__Activity__.
In the listing below, the lines starting at the line with "代わりに昼寝音声No brand メンズ" and ending at the line with "Fantastisch Drahtrahmen Diagramm" are to be output verbatim. Images stay out of the copy.

__Exercise data__.
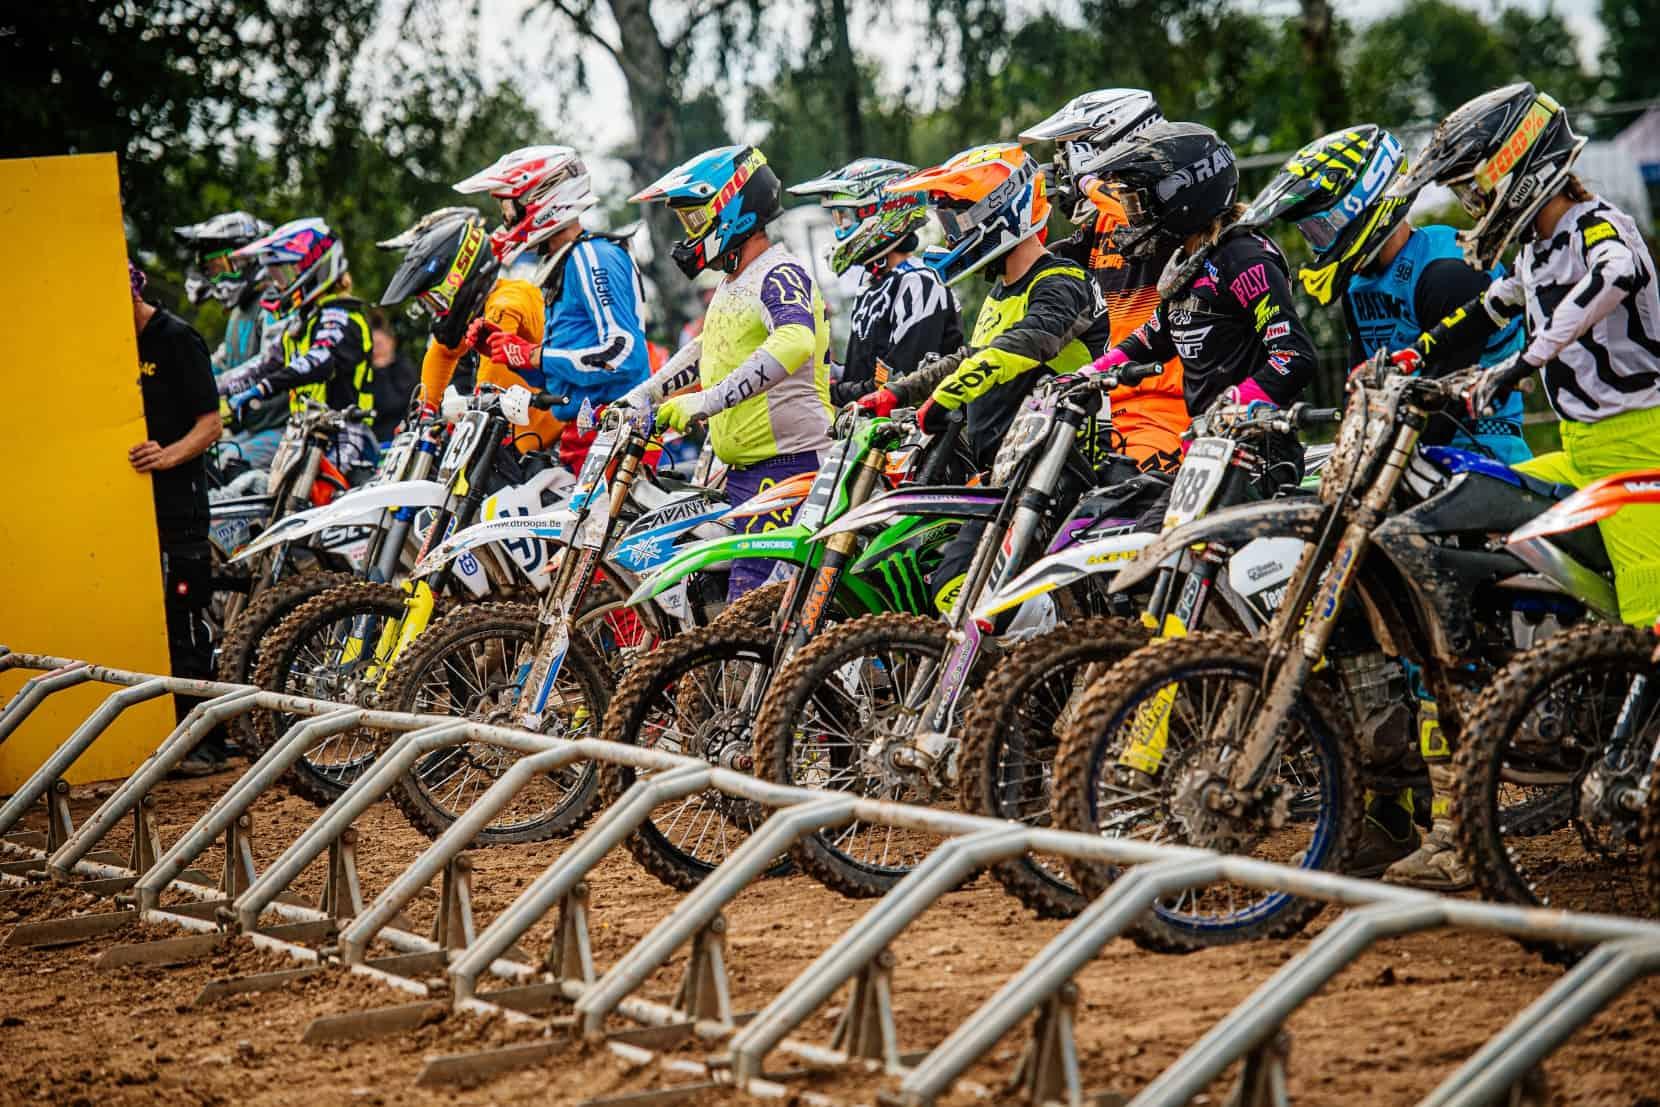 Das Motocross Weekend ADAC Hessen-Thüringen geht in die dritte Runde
...
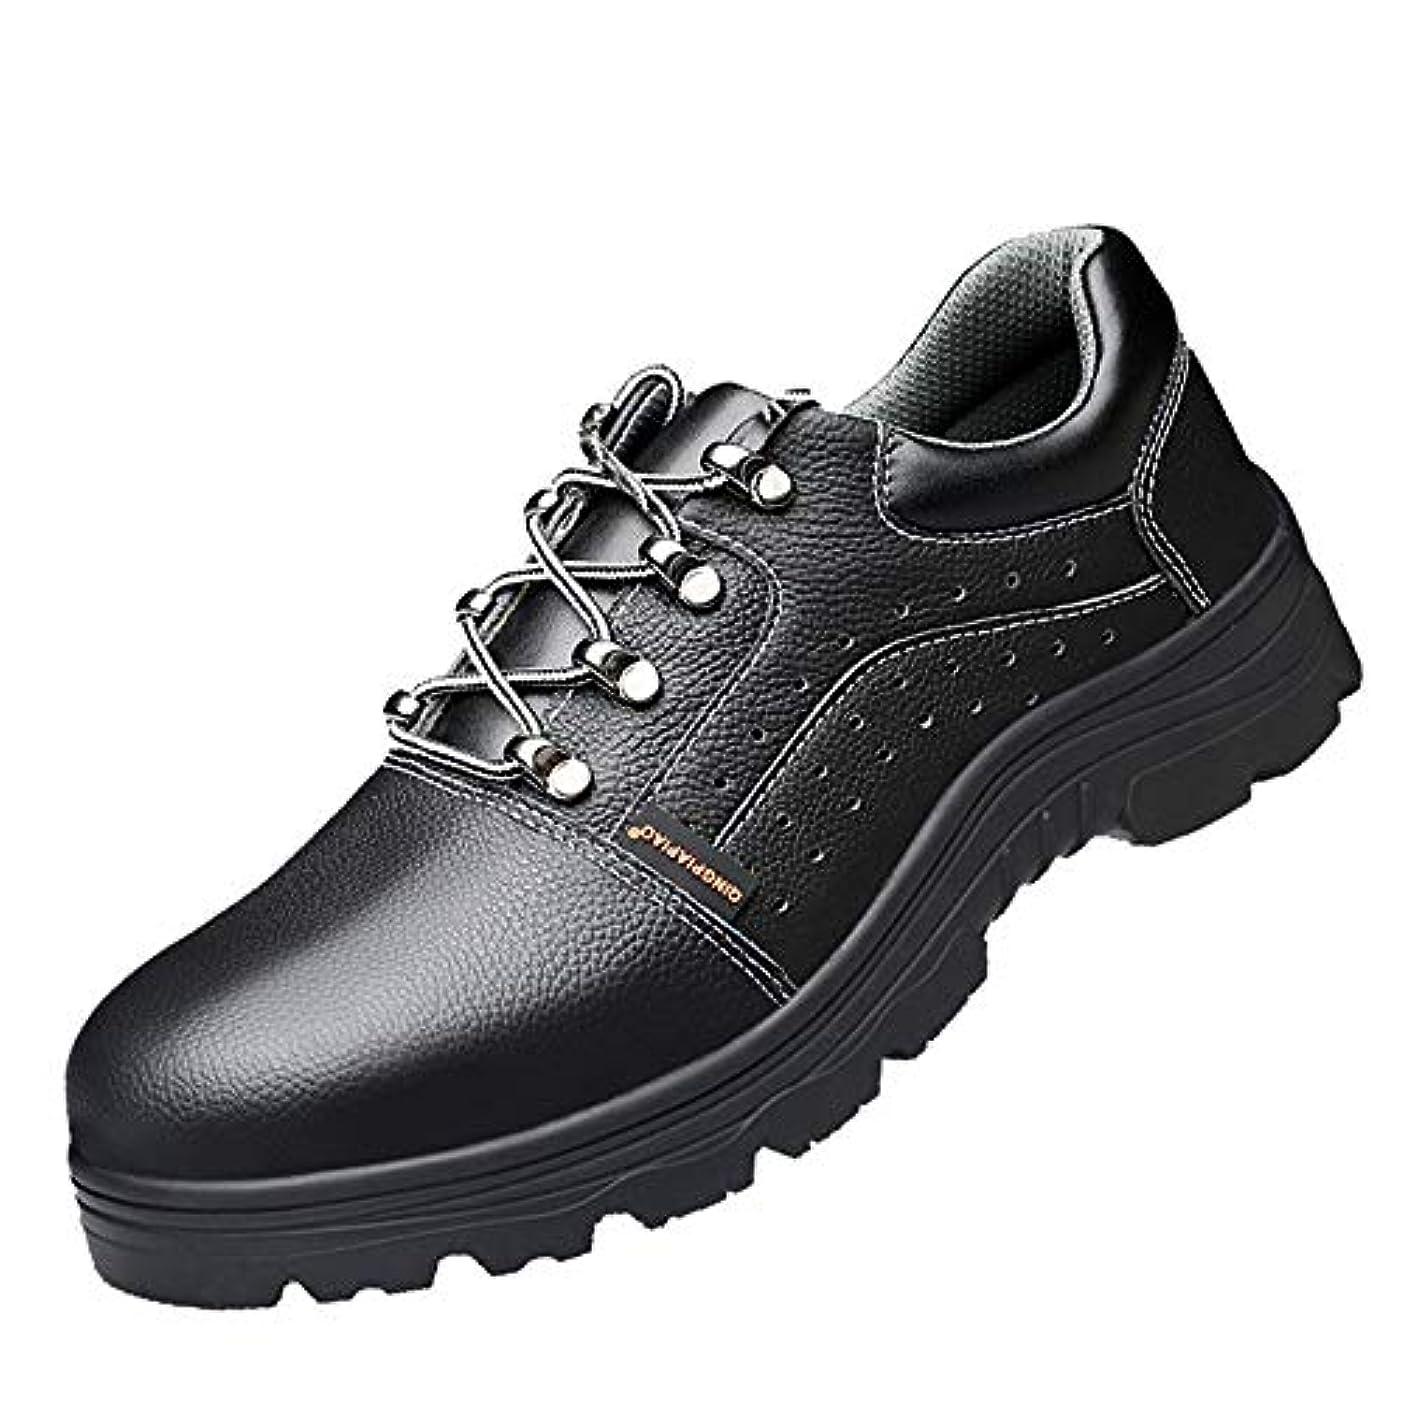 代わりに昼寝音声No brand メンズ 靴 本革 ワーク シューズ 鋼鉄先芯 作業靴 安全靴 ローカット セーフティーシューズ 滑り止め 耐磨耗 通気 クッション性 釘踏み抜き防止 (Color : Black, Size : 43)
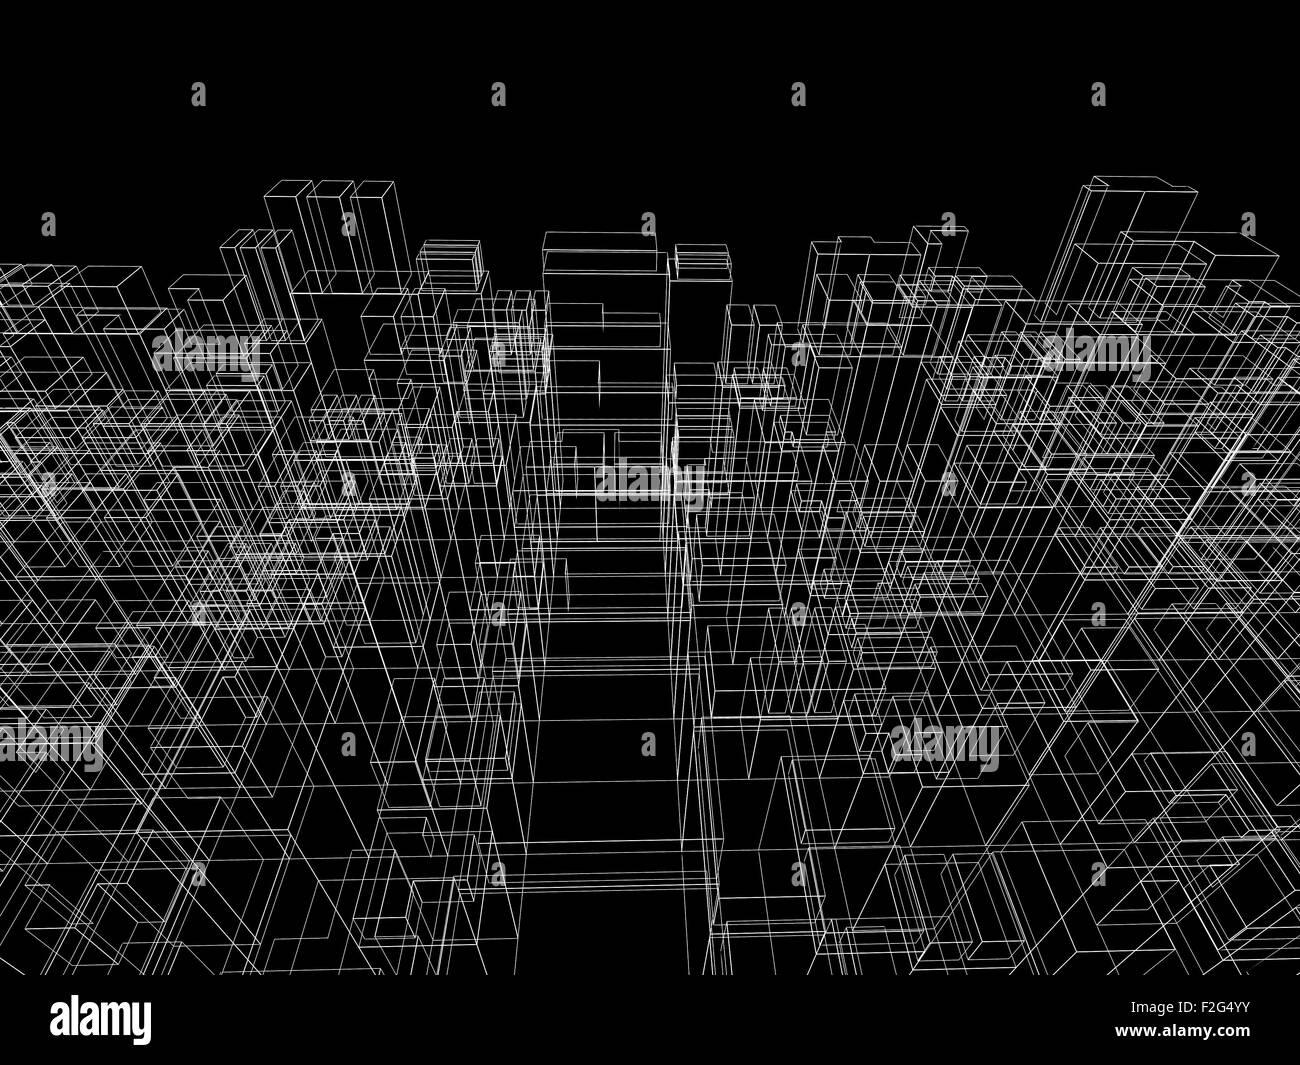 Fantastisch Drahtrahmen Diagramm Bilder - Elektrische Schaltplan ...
* * *
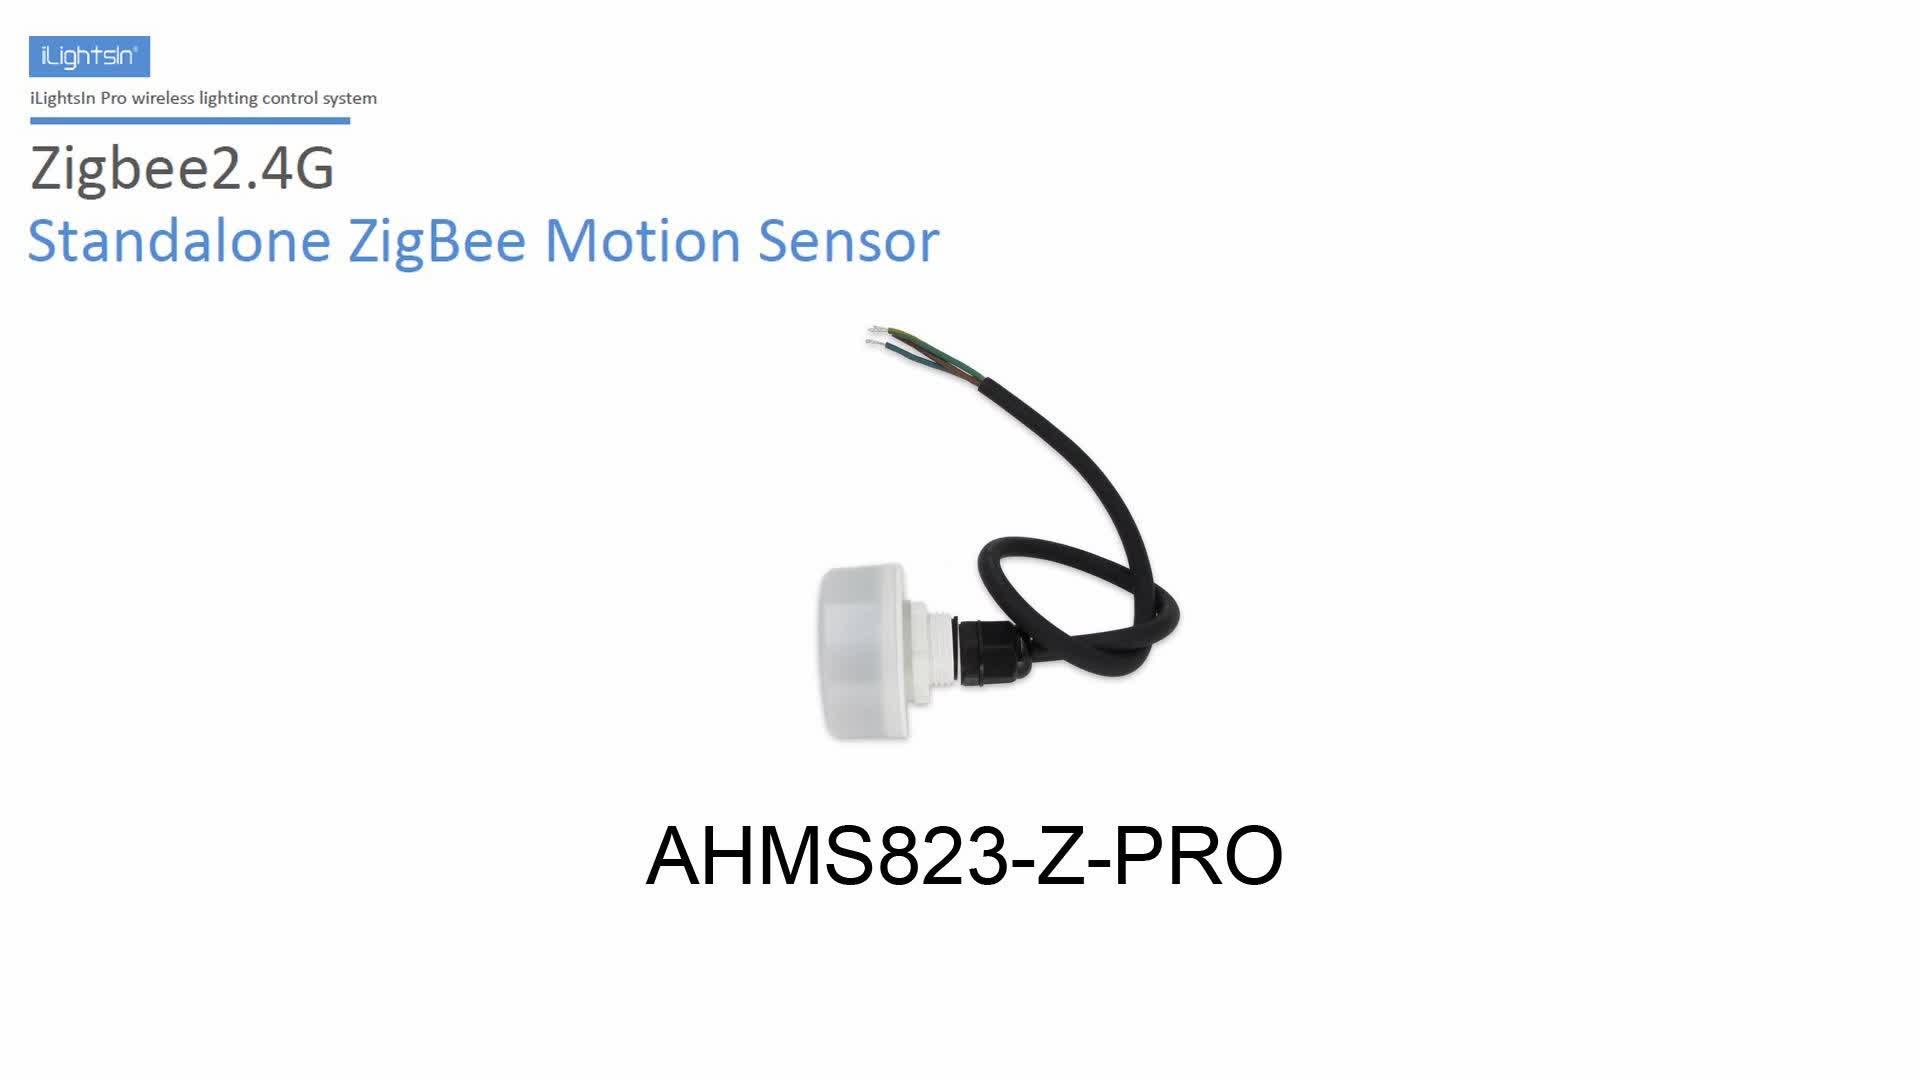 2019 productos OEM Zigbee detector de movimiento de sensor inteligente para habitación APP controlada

__Output for this exercise__.
 代わりに昼寝音声No brand メンズ 靴 本革 ワーク シューズ 鋼鉄先芯 作業靴 安全靴 ローカット セーフティーシューズ 滑り止め 耐磨耗 通気 クッション性 釘踏み抜き防止 (Color : Black, Size : 43)
 Fantastisch Drahtrahmen Diagramm Bilder - Elektrische Schaltplan ...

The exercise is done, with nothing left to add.